Repository files navigation

Izutsu Digitized pKa Dataset

DOI

Dataset version: v1.0

Description

This repository includes pKa data measured in select dipolar aprotic solvents digitized and curated from reference data published by IUPAC. The data was originally compiled by Kosuke Izutsu in the IUPAC reference work on acid-base dissociation constants in dipolar aprotic solvents.

With permission from the copyright holder, the International Union of Pure and Applied Chemistry (IUPAC), the reference data was digitized, checked for accuracy, and curated for accessibility, interoperability, and reusability between 14 April 2022 to 1 October 2025 by Jonathan W. Zheng.

Corrections to some of the data (accounting for inconsistent anchor compounds or "standards") were suggested by Ivo Leito, and Sofja Tshepelevitsh.

Contributors:

Jonathan W. Zheng

Green Group, Department of Chemical Engineering

Massachusetts Institute of Technology

jonzheng@mit.edu

Ivo Leito

Institute of Chemistry, University of Tartu

Tartu, Estonia

Sofja Tshepelevitsh

Institute of Chemistry, University of Tartu

Tartu, Estonia

William H. Green

Department of Chemical Engineering

Massachusetts Institute of Technology

License

Copyright © 2026 International Union of Pure and Applied Chemistry.

This material is available for reuse under a CC BY-NC 4.0 license with the following attribution: Reproduced by permission of International Union of Pure and Applied Chemistry.

Recommended Citation

Zheng, Jonathan W.; Leito, Ivo; Tshepelevitsh, Sofja; Green, William H. (2025) Izutsu Digitized pKa Dataset, v1.0. Copyright © 2026 International Union of Pure and Applied Chemistry (IUPAC), The dataset is reproduced by permission of IUPAC and is licensed under a CC BY-NC 4.0.

References should also include the source, print version of the data: Izutsu, K. (1990). Acid-Base Dissociation Constants in Dipolar Aprotic Solvents. Blackwell Science.

As references are provided for each entry, a reference to the source of an experimental measurement may also be provided.

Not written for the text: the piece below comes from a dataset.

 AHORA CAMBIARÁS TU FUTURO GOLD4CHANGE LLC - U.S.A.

This GitHub repository serves as a working copy for the dataset.

Data & File Overview

File List

  • izutsu_data_v1-0.csv : pKa dataset in dipolar aprotic solvents.
  • izutsu_data_v1-0.tsv : As above, but in a tab-separated format
  • code_translations / : directory containing optional supporting .csv files that translate from shorthand code to full text labels
    • references.csv : translation for bibliographical references
    • remarks.csv : translation for supplementary notes on an entry
    • standards.csv : translation for anchoring standards of this entry, e.g. definition of the acidity scale

The dataset includes pKa values measured in the following dipolar aprotic solvents:

  • nitromethane
  • NMP (N-Methyl-2-pyrrolidone)
  • DMA (N,N-Dimethylacetamide)
  • MiBK (Methyl isobutyl ketone)
  • sulfolane (tetramethylene sulfone)
  • HMPA (Hexamethylphosphoramide)

Please email jonzheng@mit.edu or post an issue on the GitHub page if any errors are discovered.

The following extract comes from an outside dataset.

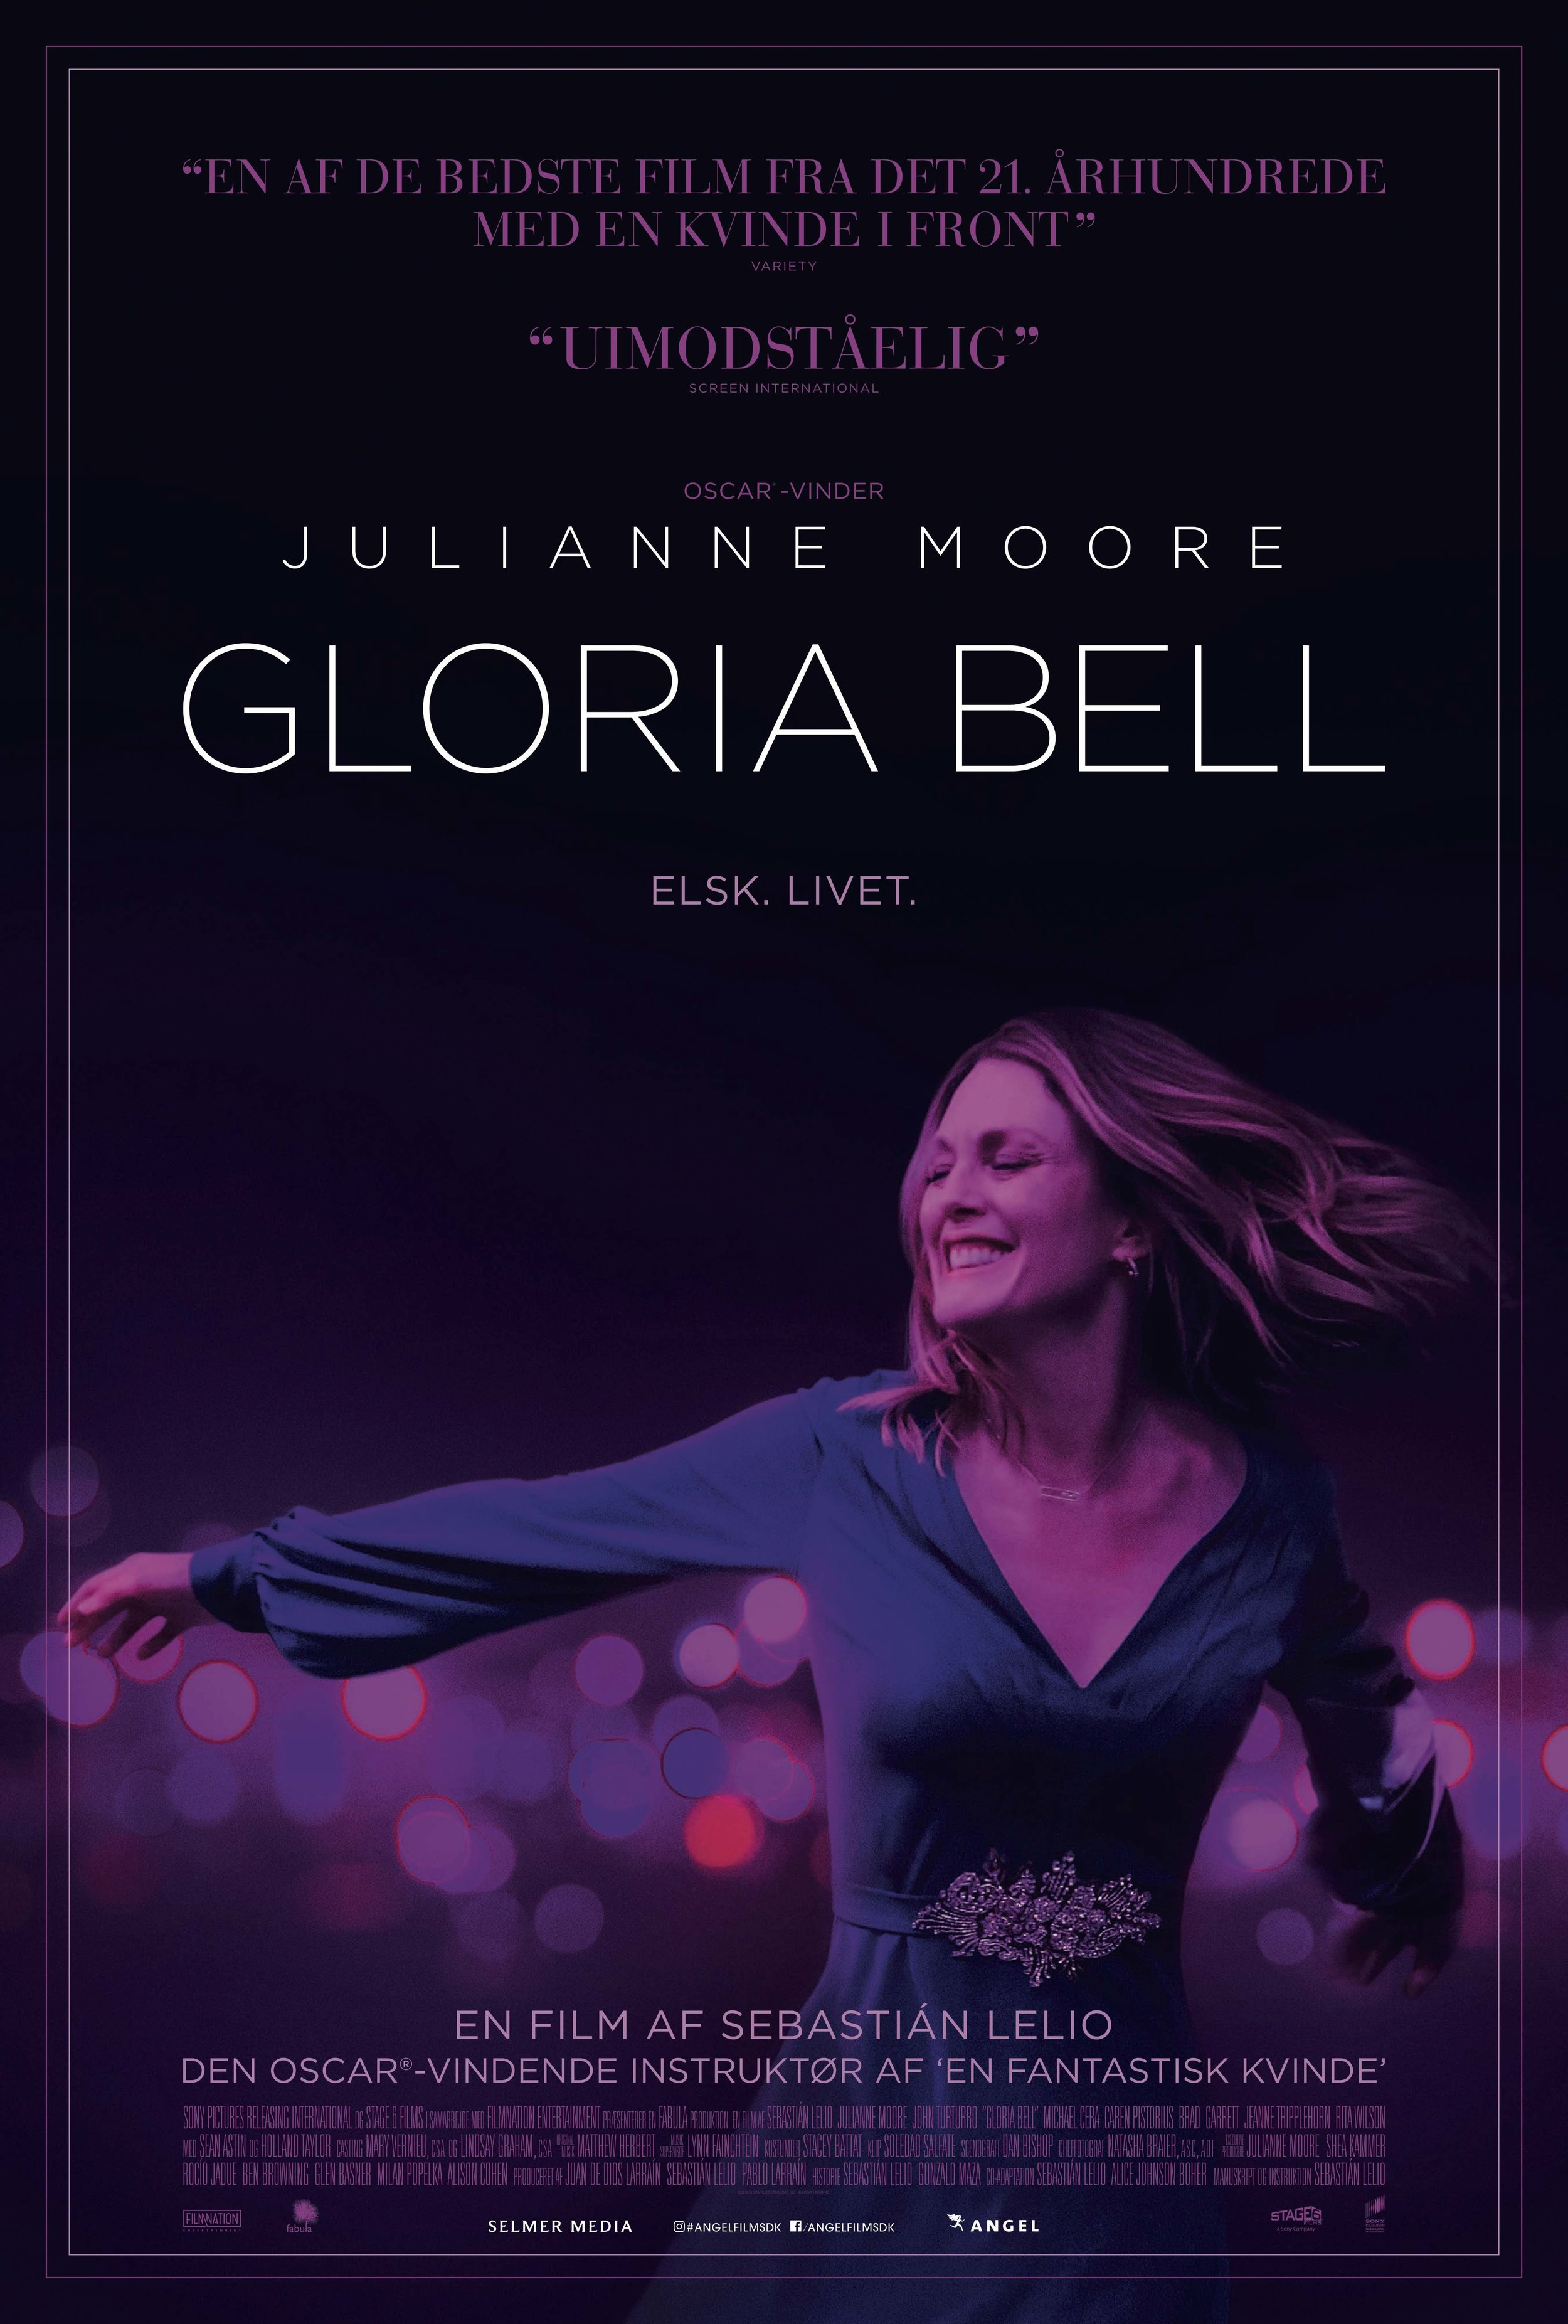 poster_gloria bell.jpg

Methodological Information

This dataset was obtained by digitizing reference data from IUPAC publications on acid-base dissociation constants in dipolar aprotic solvents, originally compiled by Kosuke Izutsu. The data was processed to extract information to a convenient form for computational use, and chemical names were translated to SMILES strings and InChI identifiers. The final format was then manually and programmatically checked.

Open-source software used to aid in the data processing: rdkit, pandas, pubchempy, py2opsin, and cirpy for chemical name translation.

Quality assurance

Before publication, several programmed checks were performed on the dataset.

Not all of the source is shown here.